Qué delgado silencio
del pájaro al árbol.
Qué quietud, sueño.
Respiró el viento,
pájaro y árbol
son un arpegio.



Zarigüeya

Ayer fingías tu muerte.
Hoy te veo 
cifrando, descifrando peligros al oído.
Quieres llegar al cuenco de la cena,
succionar lo que queda de la lluvia
en el charco del patio
—antes de conocerte, me molestaba el charco,
incómodo recuerdo de mi propia miseria—.

Sea tu amparo la noche.
Llega con bien a estos tesoros breves
que hacen brillar tus ojos.
No de depredador, los míos
tropiezan en la sombra.
Los ruidos en acecho que hoy percibes
son los de tu aprendiz.



Amor urbano

Sentado sobre el queso de la trampa,
brillan en tus ojos apetitos saciados un instante,
el cepo que evadiste sin saber
que alguien quería cazarte.
Deberás aprender la vida en la ciudad,
encontrar el charco contra la sed quemante,
doblemente quemante en la ciudad,
la migaja nevada para las palomas
—a ellas sí, a ti no—
la tierra blanda donde cavar el nido,
cavar el corazón de la urbe indiferente
poblada por hostiles prepotencias.

Y si tu olfato encuentra los milagros,
la compañera de otro charco,
otro pan incendiado de energía,
eucaristía preciosa, como la Buena Nueva,
tendrás para ella un miedo diferente,
un abrazo, amanecido al fin,
y multiplicarán en la amable alcantarilla
la vida de tu estirpe, sin otra bienvenida
que el veneno en sigilo, el fierro que destripa,
el adhesivo diseñado por la envidia
a tu carrera ágil, trepadora.

Asida la familia al horror prepotente
serán libres apenas un momento,
flechas precisas como el rayo,
y un monstruo a asesinar
en la cruzada aséptica de quienes ven tus ojos
y adivinan que tienes un secreto
que ellos quieren destruir para vivir en paz.

¡Corre ahora, gris de la grisura, corre!
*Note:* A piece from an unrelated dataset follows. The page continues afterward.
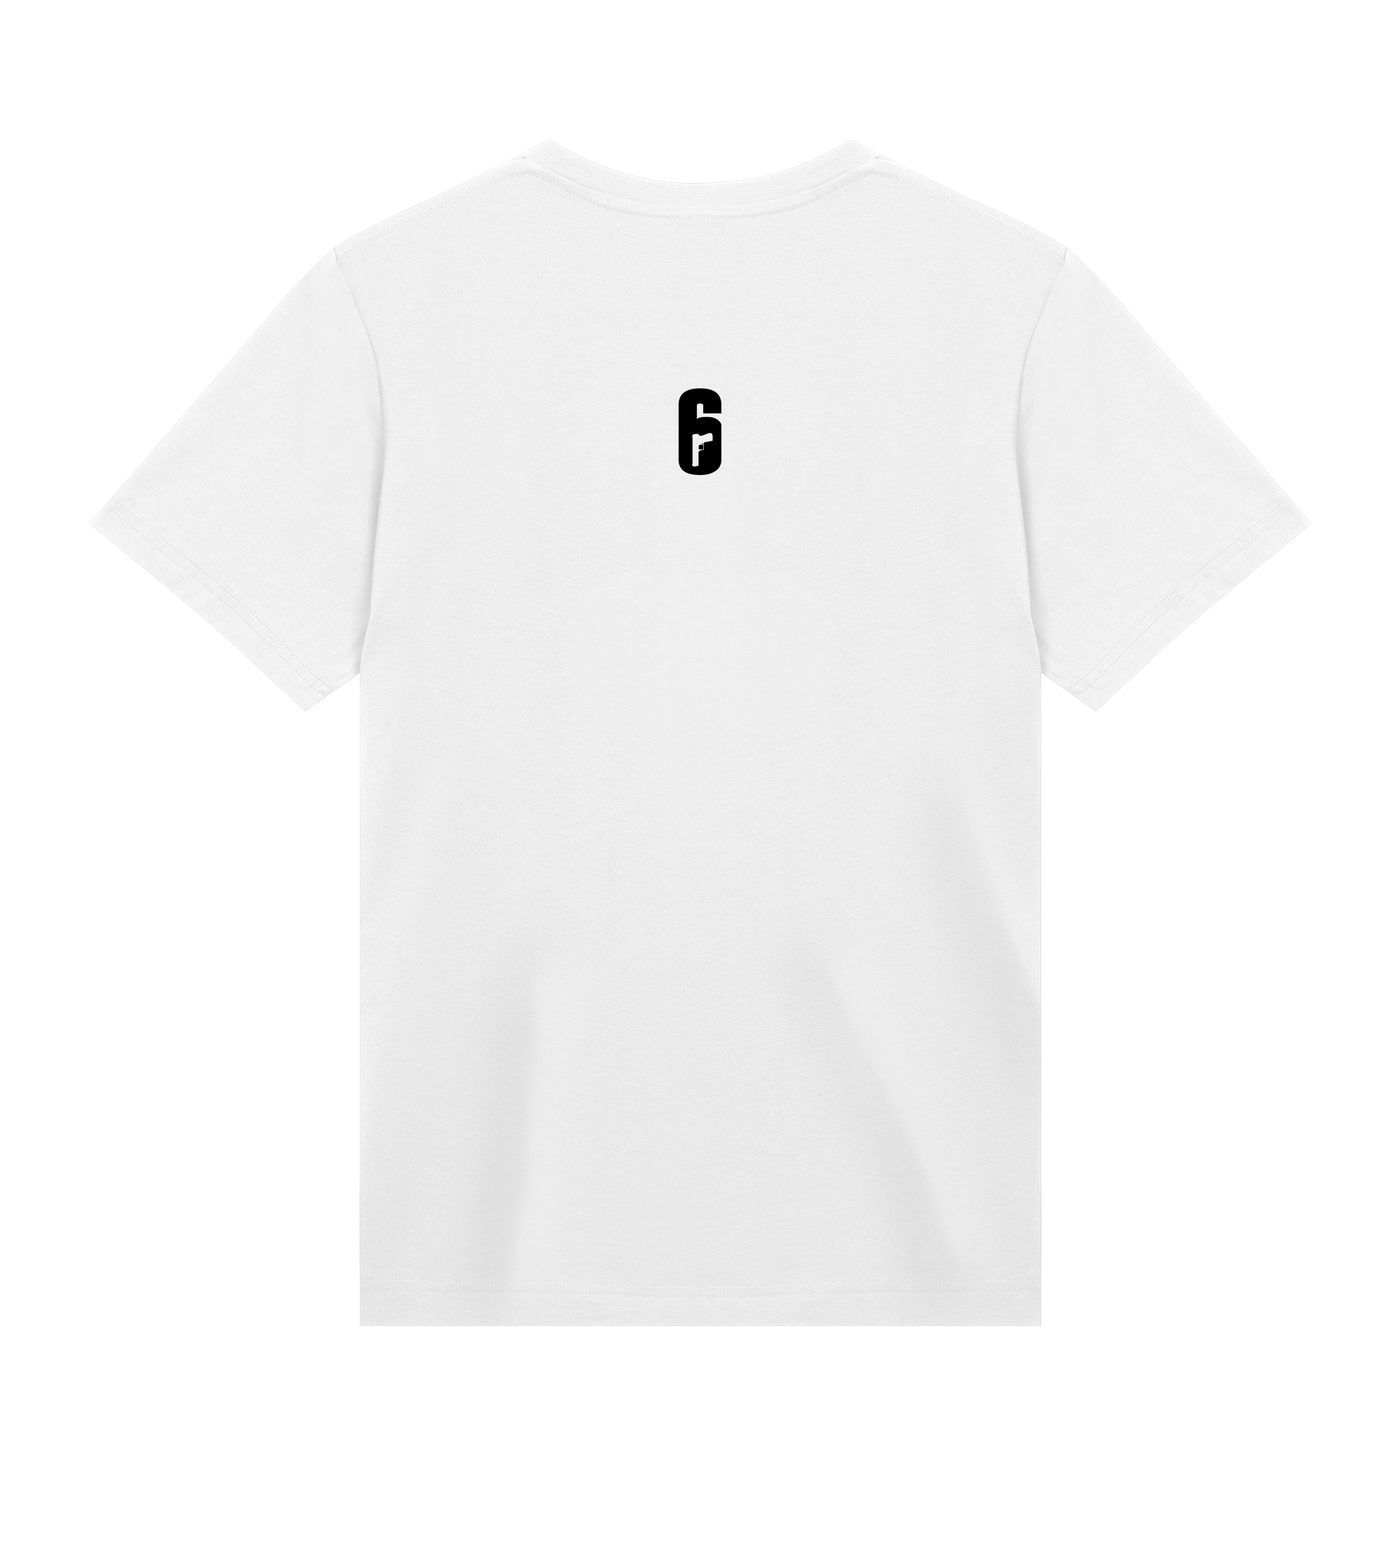 6 SIEGE - Ghosteyes T-shirt

Es un parque.
Que encuentres la migaja, los charcos
y el aroma de la ratoncita
cuyos ojos de miedo se alegrarán al verte.



Plataforma petrolera

Negros peces, ¡picad!
¡Cuánto dinero
flota en el mar!



Ardes, dragón

No lo eras.
Tu destino
era correr con ellos
con la lengua de fuera.
Sonreían,
movías la cola.
Eras el centro de su atención
y tú los querías.

Te refrescaron con aquel líquido
que picaba tu olfato,
te vistieron con un chaleco algo pesado
relleno de un abrigo inesperado.
Y lanzaron el fósforo. Y gritaron 
y corrieron encendidos de entusiasmo,
Tú también encendido, 
corriste, ya dragón en tu vuelo penúltimo.
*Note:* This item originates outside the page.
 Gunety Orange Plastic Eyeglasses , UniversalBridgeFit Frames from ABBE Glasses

Ardiste. Aullaste. Les suplicaste ayuda.
Tus ojos se incendiaron.
Tu lengua fue de fuego,
fue de fuego; fuiste el Sol que hoy te pare.

A carcajadas
te torearon, esquivaron tus llamas,
tu llamado, tu amor. Tus amigos se fueron.

Ahora te apaga 
una presencia 
con sus alas.
Silencio como agua cristalina.

—Mi llanto no podría—.

Y ahora vuelas con ella
en el último vuelo.
He pedido un deseo
al mirarte pasar.
Ya serás para siempre mi fugaz estrella.



Música para dos nuevos pájaros

Ella gobernaba mis manos.
Eran su vuelo —su pequeño vuelo—.
Su mirada, el timón.

Y en el piano de Tiersen y Satie:
ella y yo, lentos pájaros.
Su pelaje tan blanco se llenó de colores
de la aurora boreal.
Me señaló la altura que yo no sabía ver,
olfateamos fantasmas en la sala,
libro a libro repasamos los títulos
que se nos entregaban,
derribamos adornos del librero
y las frases sobrantes, para no lastrarnos.
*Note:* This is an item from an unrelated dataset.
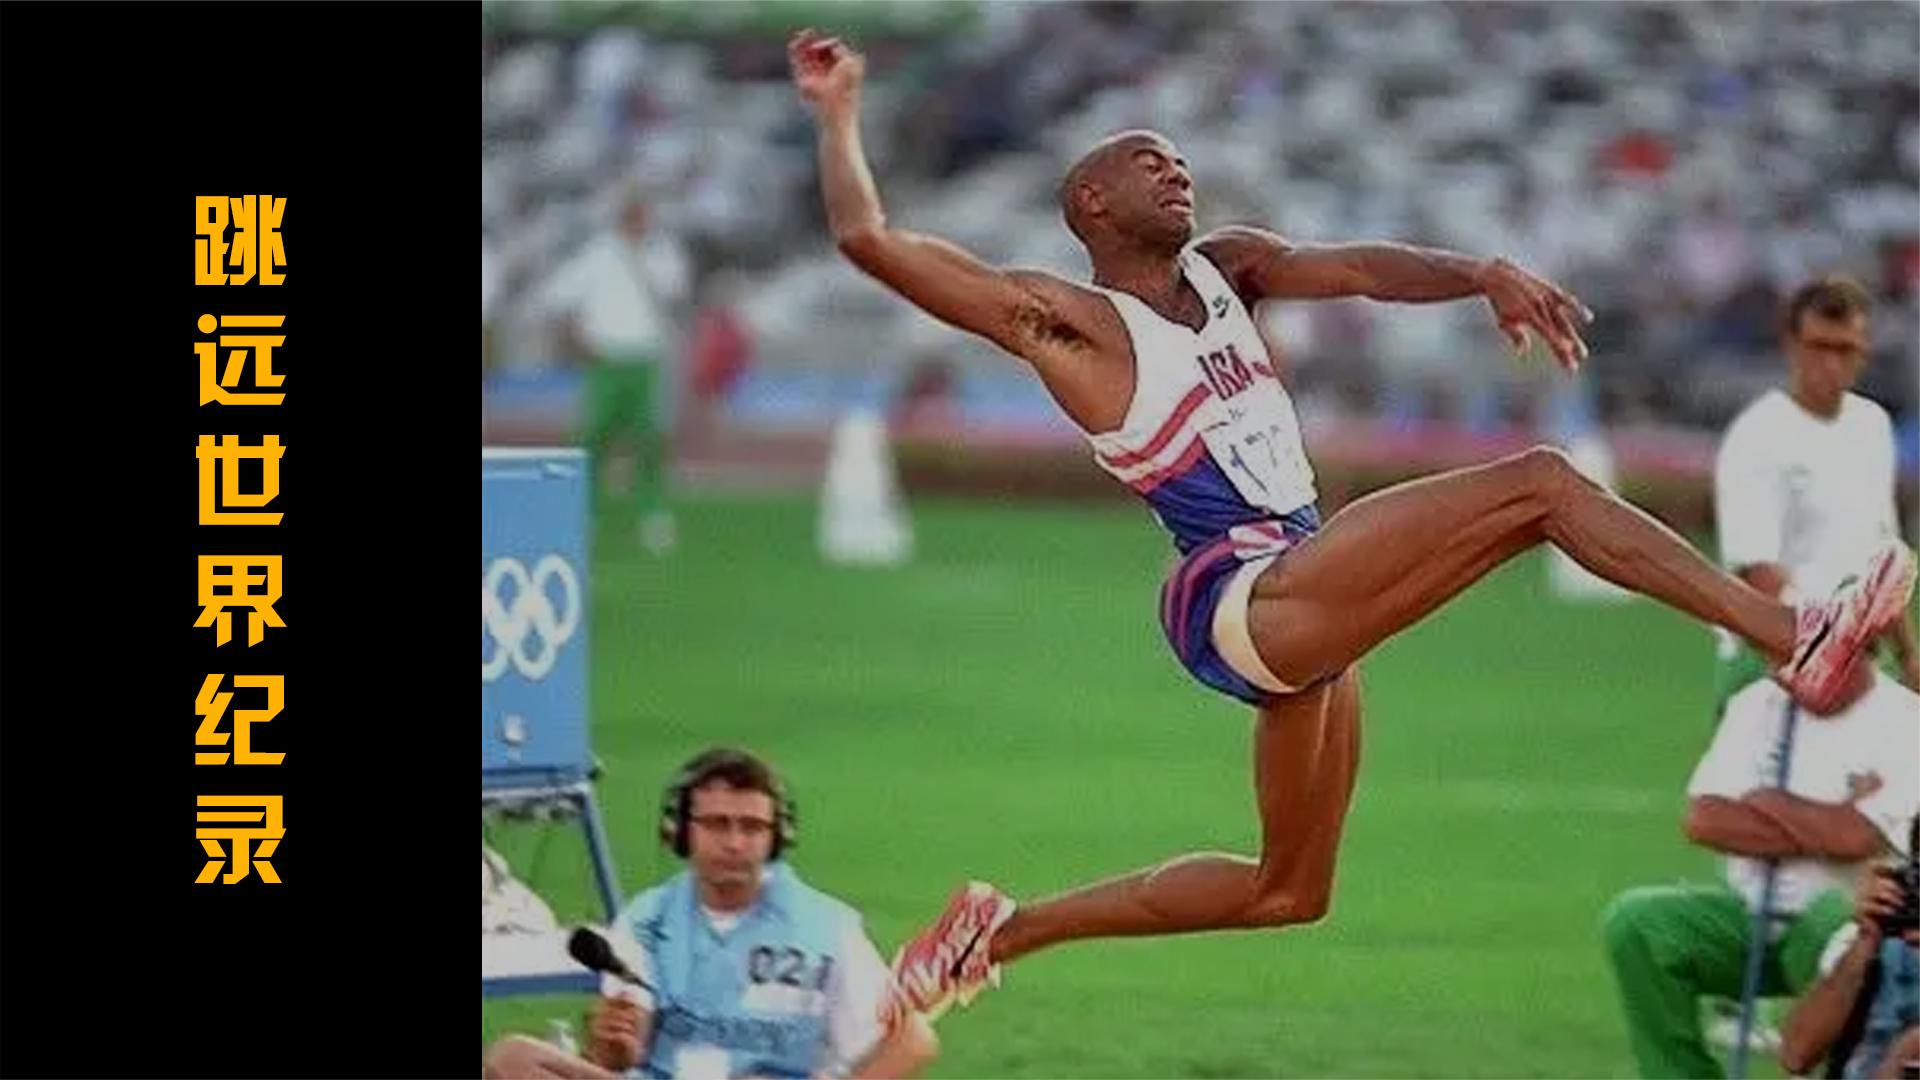 1991年迈克·鲍威尔创造8米95跳远世界纪录,已经保持了31年

Entramos al concierto de los dos violines;
la danza de uno y dos que ya son uno
en el largo de Bach para las aves
desde cuya mirada no hay mínima cosa.

De súbito mi cuerpo
lo sabía: ascendieron mis pies
al secreto del aire.
Ella no se dio cuenta —tanto confiaba en mí—.
Sin ventanas, sin techo, sólo azul nos guardaba
con sus olas celestes espumosas.
Y renuncié a mi miedo
y ella fue para siempre mi mirada.

Ahora ya todo es blanco, como es ella,
y yo estoy abrigado en su pelaje.
Seguimos la campana de la menor osa
llamando a celebrar esta brizna de luz
que casi encuentra dónde
suavemente posarse.



¿Alma doméstica?

La vejez (tal es el nombre que los otros le dan)
puede ser el tiempo de nuestra dicha.
El animal ha muerto o casi ha muerto.
Quedan el hombre y su alma.
                                                Jorge Luis Borges

Yo lo creía también y sin embargo
puede ser al revés, hermano,
hermano sabio que viviste tanto
pero sin animal. Alma tan sólo.

La edad le quita al sortilegio
de los cuentos su imán de seducción.
Tarde o temprano dudas
de la duda doméstica,
del amable secuestro del deseo, o todo lo contrario.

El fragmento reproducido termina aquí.